– Так что, – продолжал Мехмед-Али, – я все отпишу внуку, а ты станешь следить за тем, чтобы средства использовались по назначению. Имей в виду, Кенан не должен ни под каким предлогом получить доступ к деньгам. Я не могу оставить его без средств к существованию, поэтому он по-прежнему будет получать содержание, которое сможет тратить по собственному усмотрению, но и только.
Беседа с Сезером-старшим оставила у Нади в душе неприятный осадок, но она понимала, что он поступает правильно. С другой стороны, Надежда боялась реакции мужа, когда он узнает о намерениях деда.

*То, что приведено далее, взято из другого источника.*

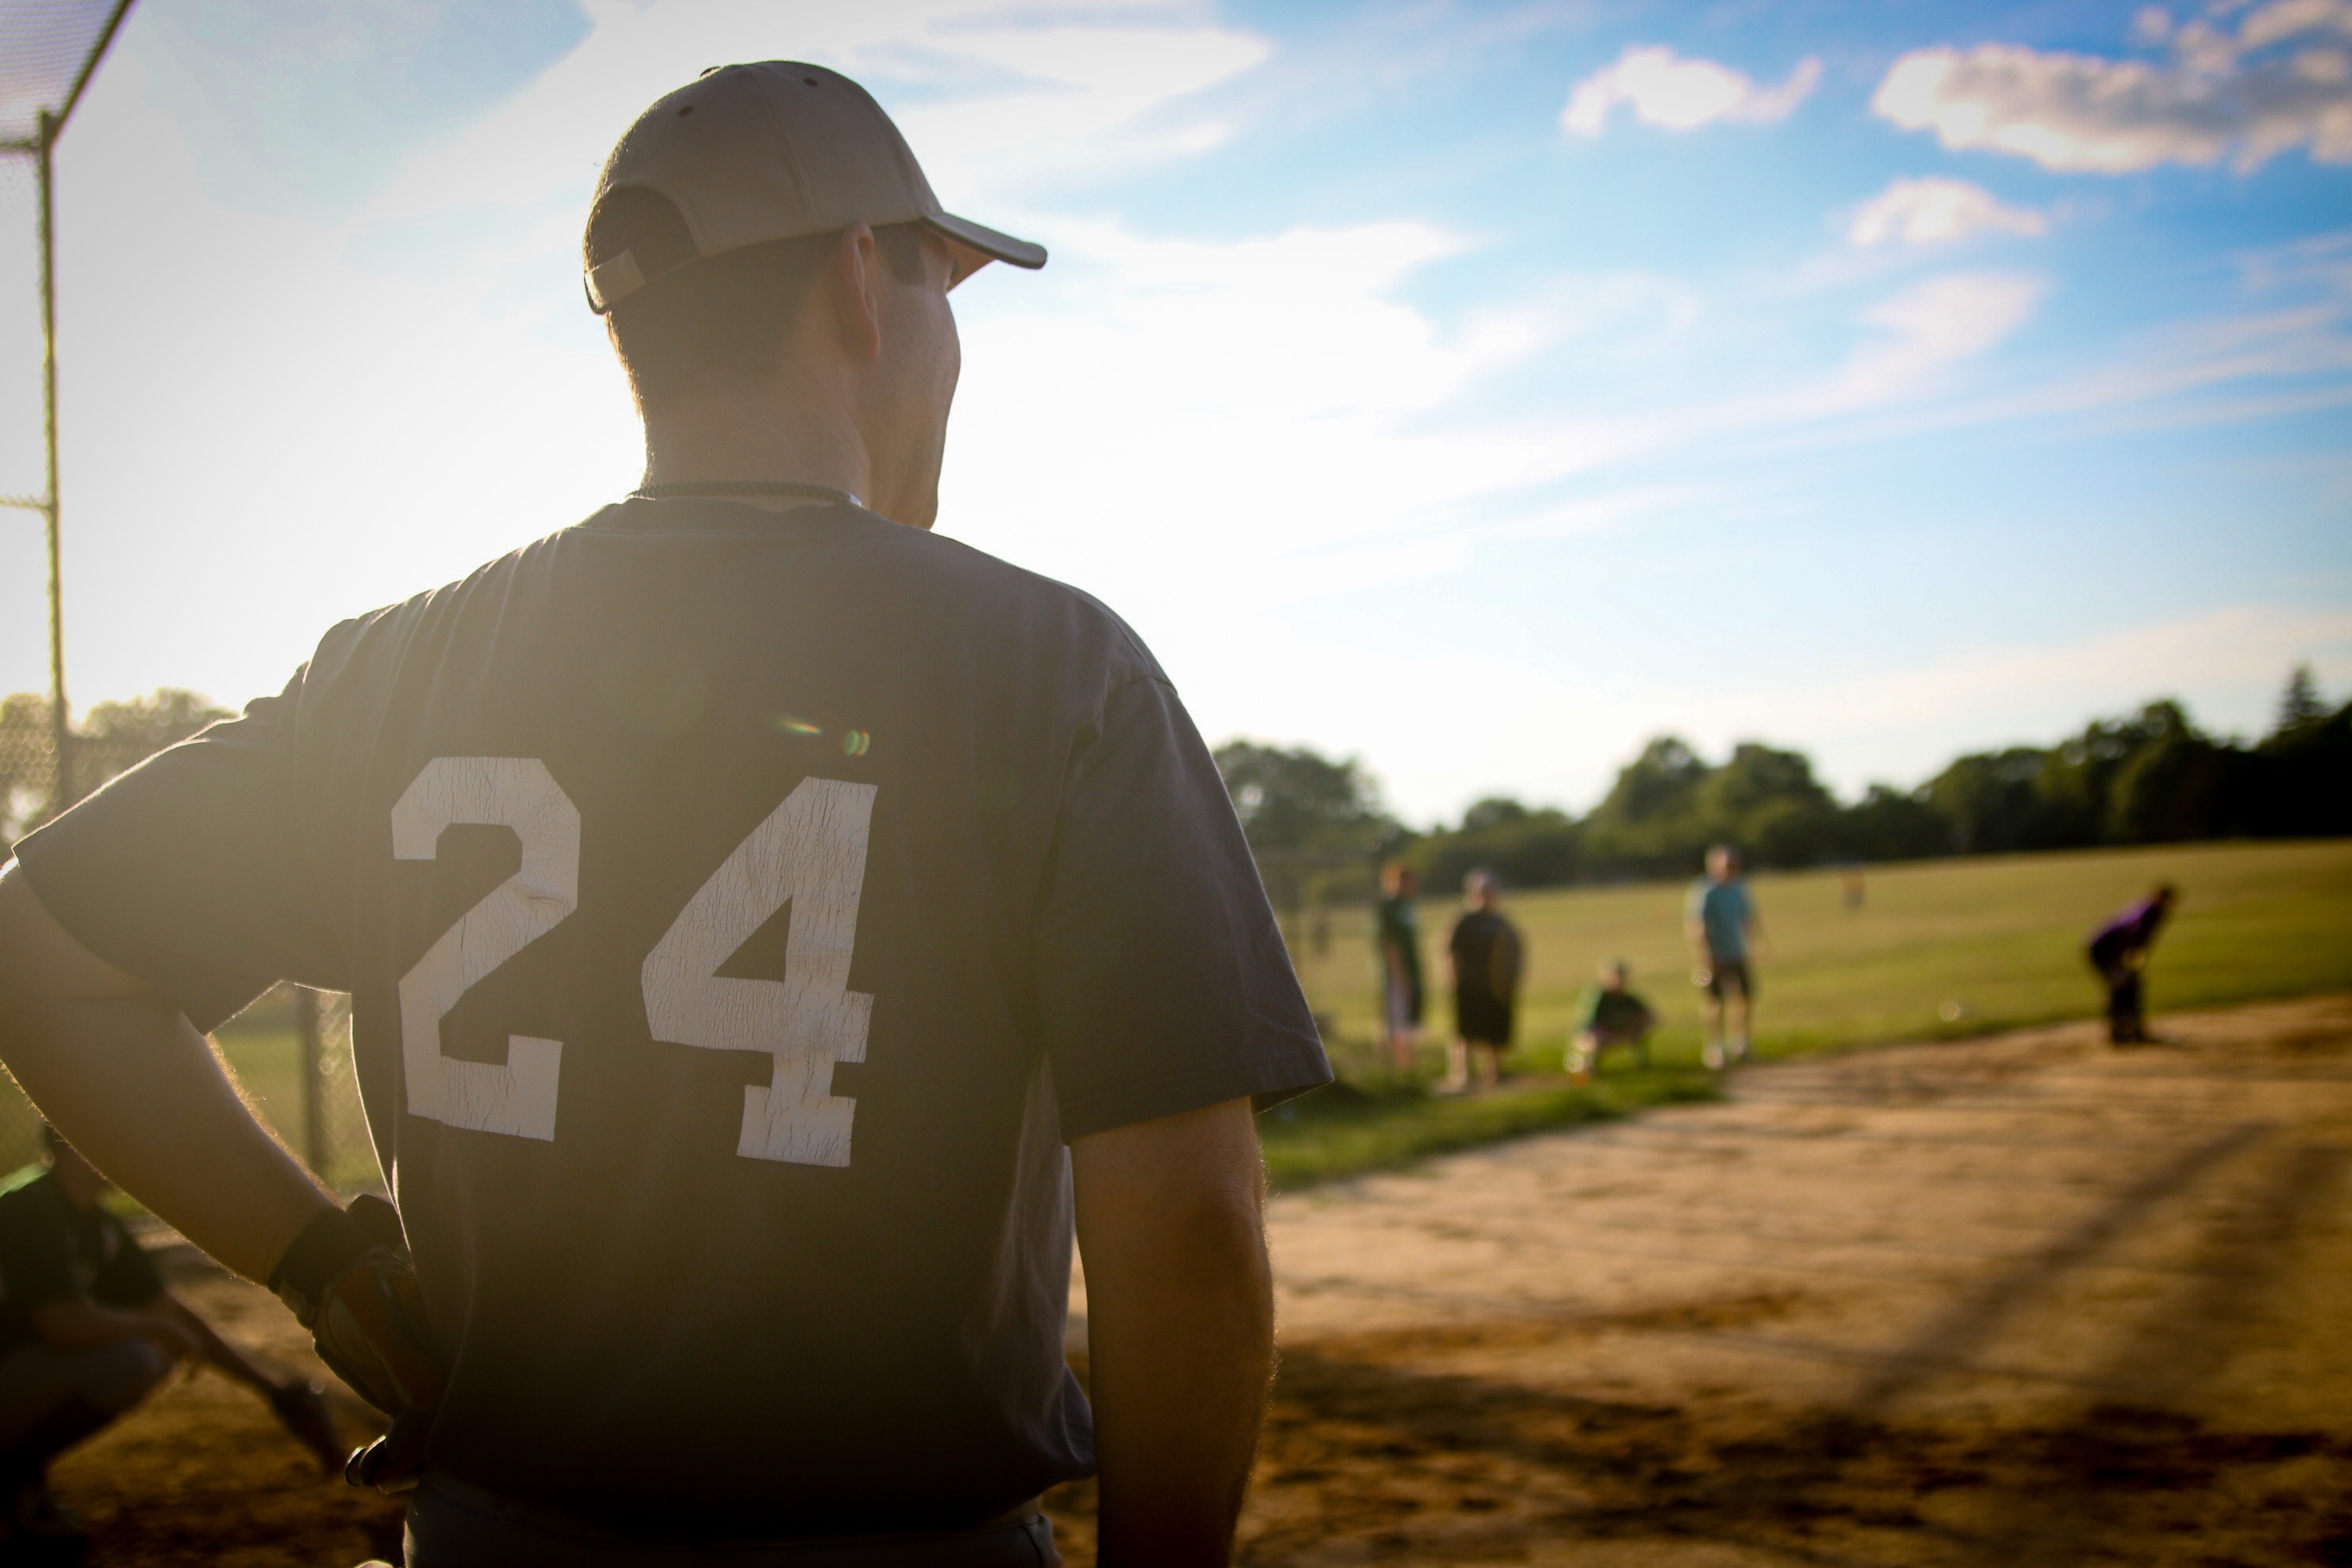 man wearing black 24 jersey shirt playing baseball

Реакция последовала незамедлительно после того, как Кенан поговорил с Мехмедом-Али по телефону. Дед все ему рассказал, и Надя впервые за время их совместной жизни увидела мужа в ярости. Он орал так, что слуги сочли за лучшее попрятаться в служебной части дома и не выходить, пока хозяин не успокоится. Кенан обвинял Надю в том, что это ее идея – стать единоличной распорядительницей капитала будущего Сезера-младшего. Кенан бушевал в течение часа, после чего ушел из дома, громко хлопнув дверью. Он не пришел ни вечером, ни ночью. Напрасно Надя прождала его и весь следующий день: муж не появился. Кенан отсутствовал четыре дня. Вернувшись, он как ни в чем не бывало, чмокнул жену в щеку и отправился спать. На этом инцидент казался исчерпанным. Надя решила, что Кенан смирился, и успокоилась.
А потом в их дом пришла эта женщина, Сонгюл. Увидев ее, Надя подумала, что это – любовница мужа, и ее сердце сжалось от ревности и обиды. Но она ошиблась. Сонгюл рассказала о том, как Кенан и его приятель нагло обокрали ее, лишив всего, чего она добивалась годами упорного труда. Сомневаться в словах Сонгюл не приходилось: она знала слишком много подробностей о Кенане. Больше оставаться рядом с мужем Надежда не собиралась! Она дождалась, когда тот вернется из очередного загула, и потребовала развода. К ее удивлению, Кенан отреагировал довольно спокойно. Разумеется, он попытался урезонить ее, говоря о том, что у них скоро родится ребенок, и она не имеет права разрушать семью, но Наде показалось, что он не особенно старается.
Следующим утром Надя, как обычно, встала раньше мужа и отправилась завтракать. Она решительно настаивала на разводе и даже собиралась позвонить Мехмеду-Али, чтобы он первым обо всем узнал. Больше всего Надя боялась того, что у нее отберут ребенка: она слышала, что мусульмане ревностно относятся к детям. Кроме того, по их законам ребенок, кажется, принадлежит отцу, поэтому, принимая во внимание влиятельность семьи Сезер, у Нади имелись основания для беспокойства. Тем не менее она рассчитывала на порядочность Мехмеда-Али в этом вопросе.
Позавтракав, Надежда пошла в спальню, чтобы переодеться. Потом она вспоминала, как разделась и пошла в душ. Она помнила, как расчесывала волосы перед зеркалом в ванной, когда внезапно почувствовала легкое головокружение, а ноги вдруг стали ватными и отказались слушаться. Затем наступила темнота.
Открыв глаза, Надя поняла, что лежит на кровати в ночной пижаме. Голова гудела, и она нащупала у себя на затылке огромную шишку – видимо, ударилась о кафель при падении. Оглядевшись, Надя поняла, что не узнает места, в котором находится. Все ее вещи оказались аккуратно разложены в новых апартаментах, состоявших из двух комнат. Окна помещений выходили во двор и были наглухо зарешечены, поэтому нечего было и думать о том, чтобы спуститься вниз при помощи простыней. Кричать и звать на помощь тоже было бессмысленно, потому что с улицы ее криков никто бы не услышал. Что же касается слуг, то Надя сомневалась, что они помогут ей против воли хозяина. У нее не оставалось сомнений, что Кенан, вероятно, подговорил кого-то из работающих в доме служанок подсыпать ей снотворное в кофе или сок за завтраком, а все остальное – дело техники. Ее перенесли в ту часть дома, которая раньше считалась нежилой, и заперли, как в тюрьме. Все же Надя не теряла надежды договориться со слугами, которые приносили еду. К своему ужасу и отчаянию, она обнаружила, что девушка, которую Кенан предназначил для этой цели, не говорит по-турецки! Тогда-то Надя и поняла четко и ясно, что она пленница своего мужа, и что у нее нет шансов вырваться на свободу.